Comment aborder la traduction d'un texte? Quels sont les meilleures façons de traduire tel ou tel
roman, scénario, pièce, texte littéraire, texte non-littéraire…1? Pour ne pas se perdre dans une
multiplicité de langues, contextes, et surtout textes et toutes leurs propres spécificités, il s'agit alors
de penser à une théorie de la traduction, une méthodologie rigoureuse mais assez flexible qu'elle
pourrait être appliquer dans la plupart des situations.
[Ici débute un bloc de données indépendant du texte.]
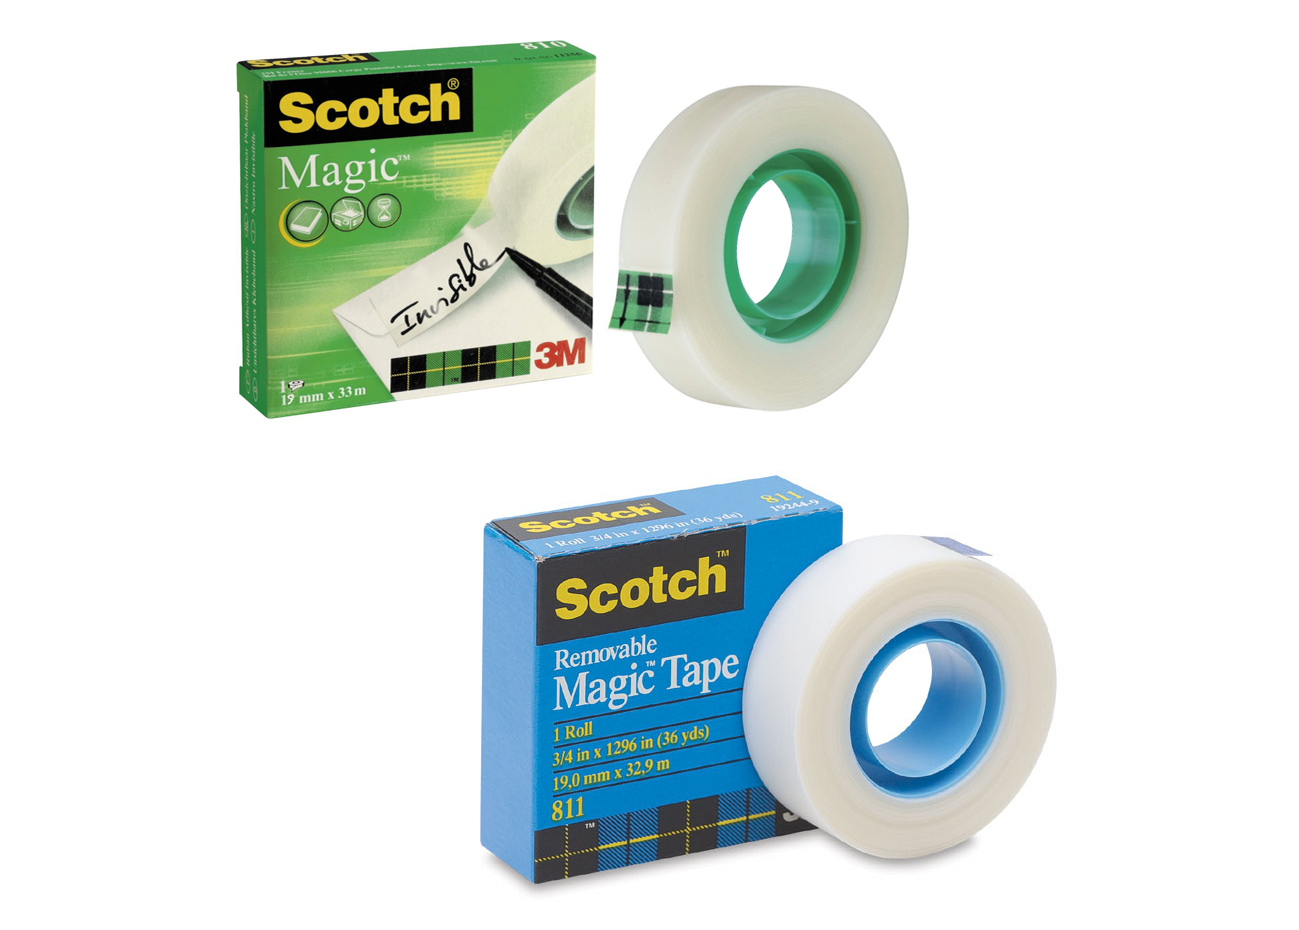 Scotch Magic Mending Tape #810

C'est-à-dire que le traducteur (la traductrice)
doit développer (ou peut-être adopter) une traductologie—une méthode pour écrire les traductions.
Ça ne veut pas dire que cette méthodologie doit être « scientifique » au sens statistique ou positiviste.
Mais ça veut dire que la bonne traductrice (ou bon traducteur) devrait être capable d'articuler le
chemin de leur pensées, leur processus épistémologique et de travail. Le croisement de la pensée avec
l'acte de création est une des caractéristiques les plus pertinents de la tache de la traduction. Celui
dite, il est clair que l'on soit complètement mêlé dans le praxis (πρᾶξις) d'Aristote, le travail de la «
prudence »2 quand on approche une traduction. Dans l'intérêt d'être précise, l' « on » du lequel je
parle est moi. Alors, je me pose la problématique suivante : comment est-ce je peux m'appliquer à la
praxis de la traduction d'une manière prudente ou, autrement dite, comment est-ce que je peux
produire les traductions qui ont une qualité d'eupraxia (εὐπραξία), qui ont du "succès"3 ?

Pour répondre à cette problématique, je prendrai comme guide la citation de l'apôtre Paul de la
deuxième épitre aux Corinthiens, "...car la lettre tue, mais l'esprit vivifie."4 Cette citation était prise
par Jean Lavalade comme une réflexion sur le travail des traducteurs.5 Avant d'analyser cette
exhortation, et ce qu'elle implique pour la traductrice, je m'intéresse à la traduction de cette citation
soi-même, de grec au français et aussi anglais.6 Il y a trois éléments (trois écarts, plus précisément)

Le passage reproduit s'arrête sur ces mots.